Primer problema: la eventual nulidad del matrimonio entre Urraca y Alfonso el Batallador. ¿Por qué? Por parentesco. Urraca era hija de Alfonso VI, nieta de Fernando 1 y, por tanto, bisnieta de Sancho el Mayor. Alfonso el Batallador, hijo de Sancho Ramírez de Aragón, era nieto del rey Ramiro y, por tanto, también bisnieto de Sancho el Mayor. ¿Esa lejana consanguinidad era razón para anular el matrimonio? En realidad, no: en la época —y hasta fecha bien reciente— los matrimonios de este tipo eran muy comunes entre las casas reales. Aunque el parentesco era evidente, un grado tan lejano permitía obtener sin ningún problema la dispensa papal. De hecho, el anterior matrimonio de Urraca, el que contrajo con Raimundo de Borgoña, se había visto amenazado de nulidad por un motivo semejante y el papa otorgó su dispensa. También en este caso podía hacerlo.
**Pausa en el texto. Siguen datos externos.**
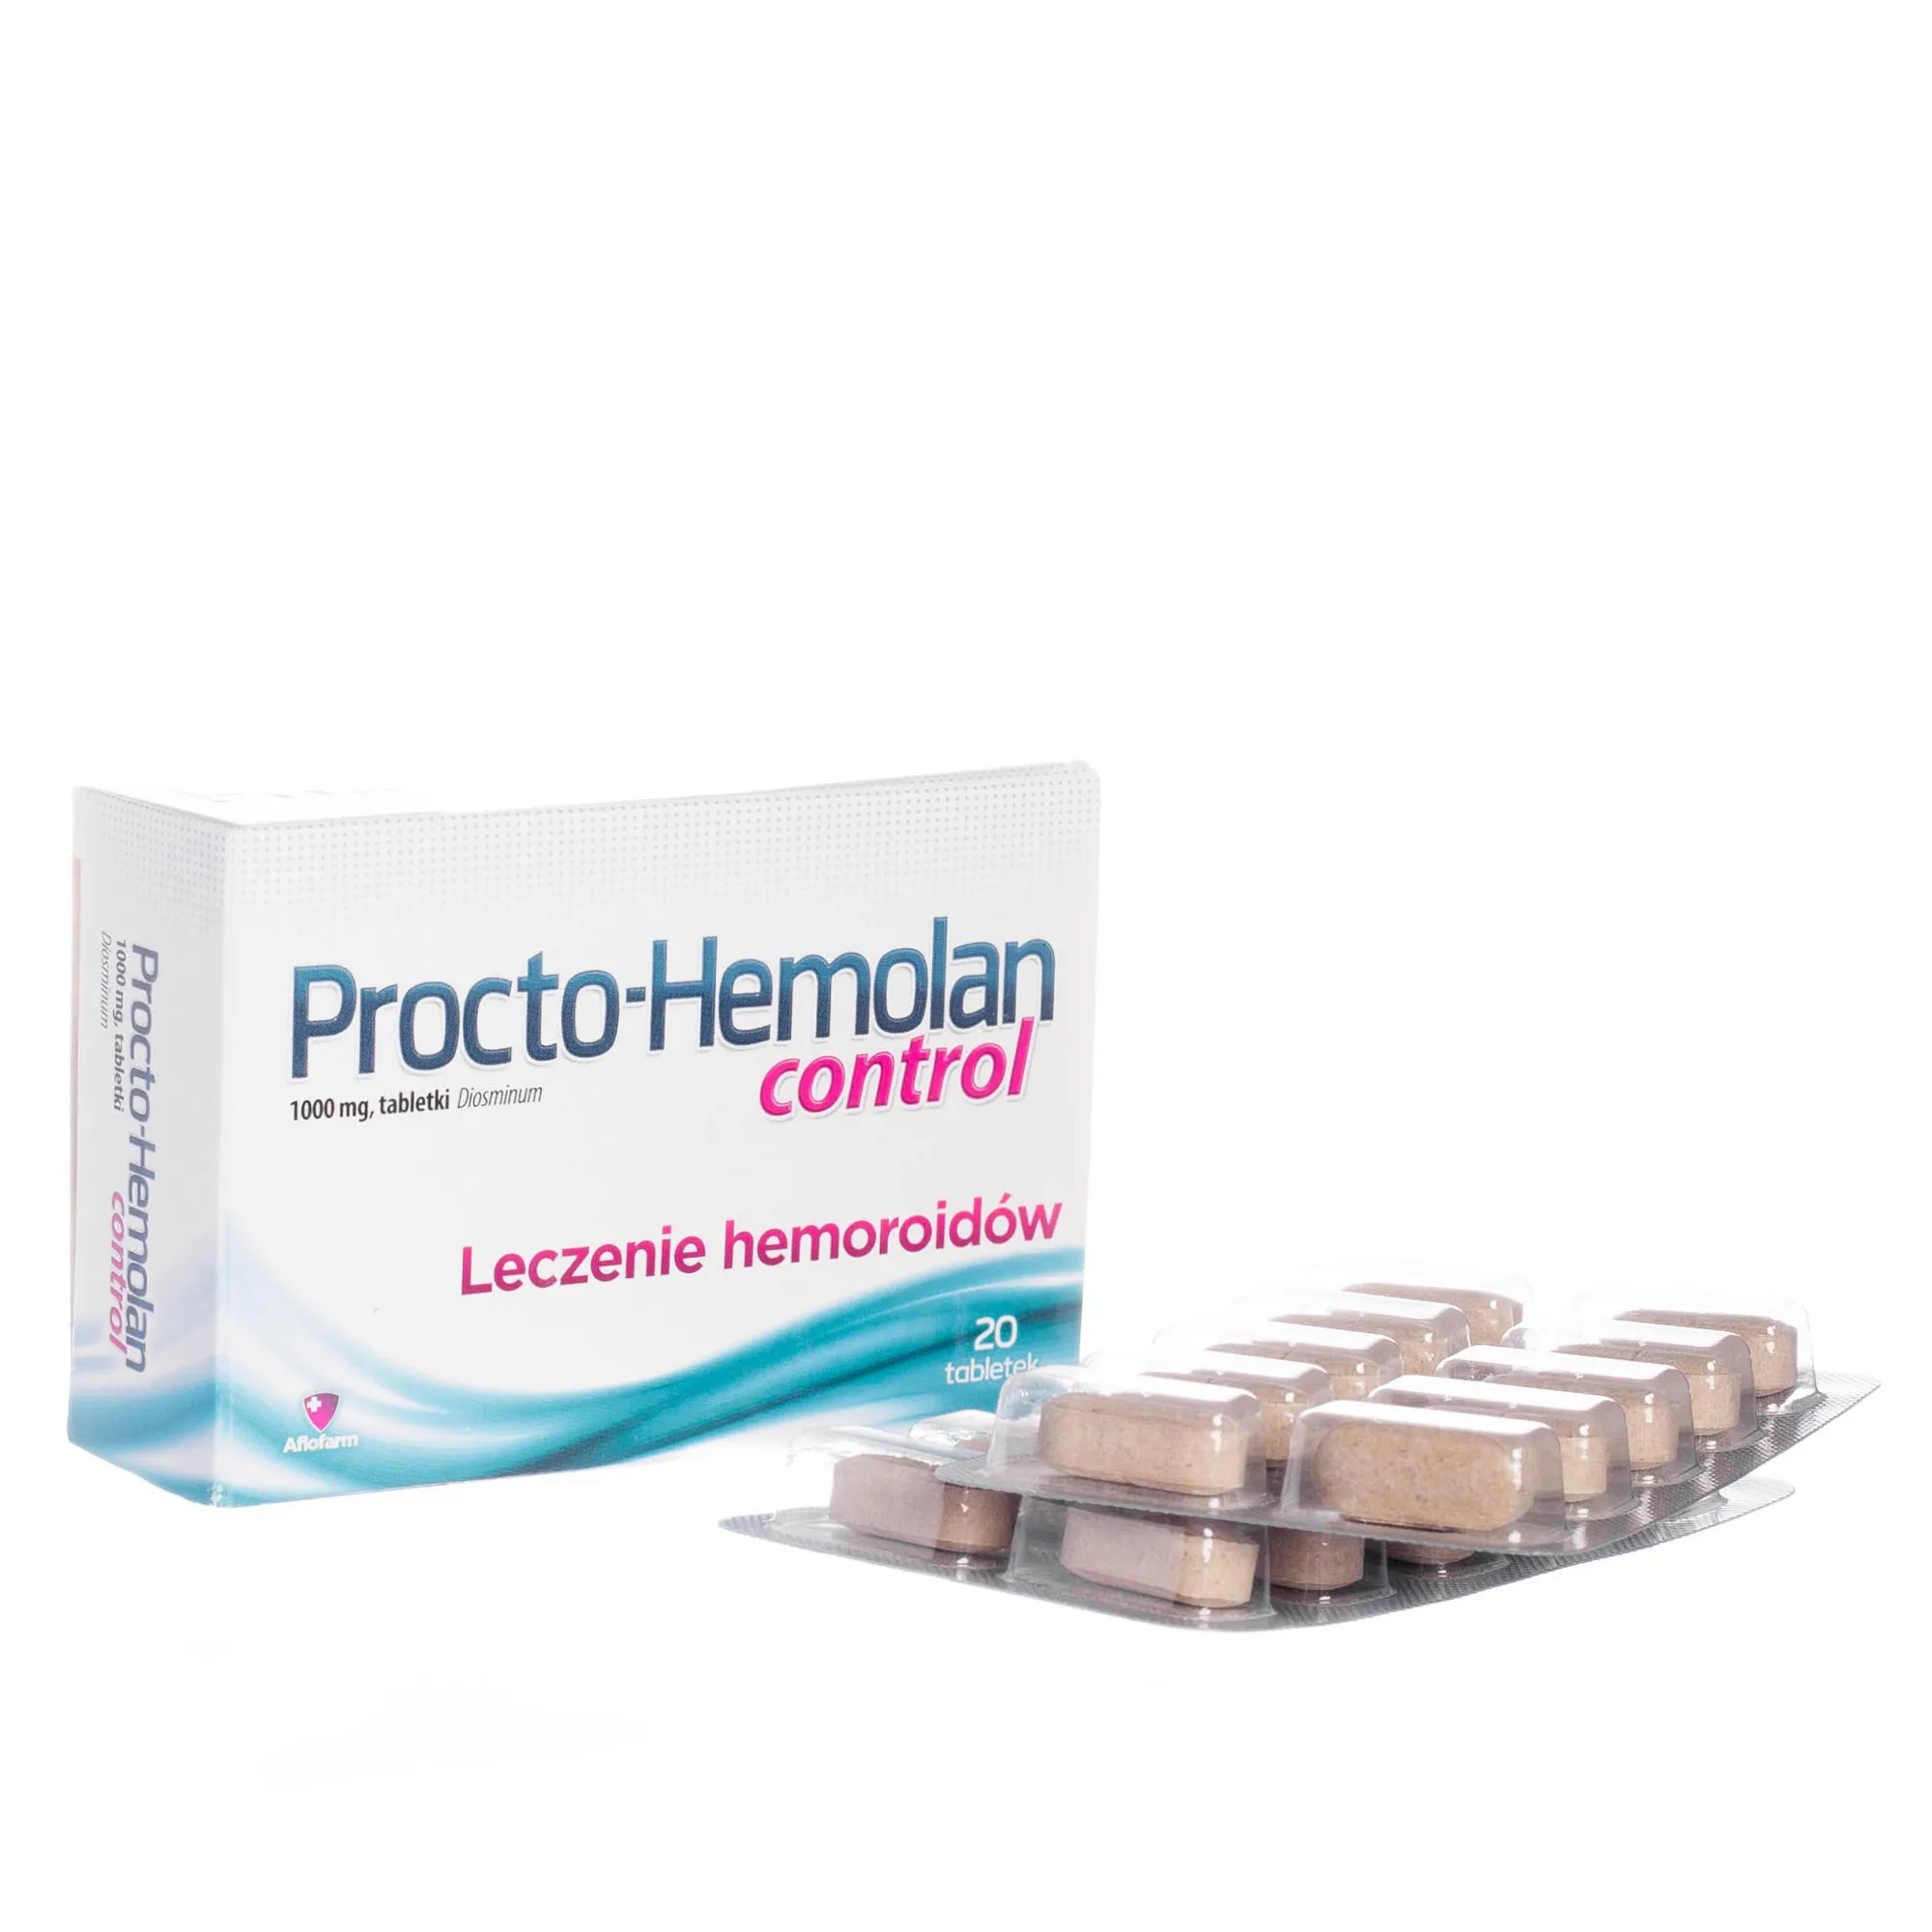 Procto-Hemolan control, Diosminum 1000 mg, 20 tabletek

Sin embargo, en este caso había un factor determinante: demasiada gente, y en particular gente muy relevante de la Iglesia española, estaba dispuesta a acogerse al parentesco de los reyes para frustrar un matrimonio que en realidad no interesaba a nadie.Y así el arzobispo de Toledo, Bernardo de Sauvetat, acude a ver a la reina Urraca y le informa de que el papa Pascual II se propone excomulgar a la pareja por concubitus illicitus ínter personas cognaciones sibi invicem conjunctas. O sea, por haberse casado siendo parientes.
¿Por qué el arzobispo Bernardo había promovido la declaración de nulidad del matrimonio? Fundamentalmente, por razones políticas. El clero borgoñón que había entrado en el reino con Constanza, la que fuera esposa de Alfonso VI, mantenía usos feudales al estilo europeo: es decir, que además de su autoridad espiritual gozaba de anchos poderes señoriales en sus dominios, especialmente a lo largo del Camino de Santiago. Ahora bien, la política de Alfonso el Batallador sobre este punto era muy distinta: la práctica aragonesa y navarra era más bien sembrar el Camino de villas a las que inmediatamente se reconocían fueros, derechos y franquicias ajenos al poder señorial. Evidentemente, ahora, si se imponía el criterio de Alfonso, las villas dejarían de pagar impuestos a sus señores eclesiásticos borgoñones, y eso no se podía consentir. Pero aún había más.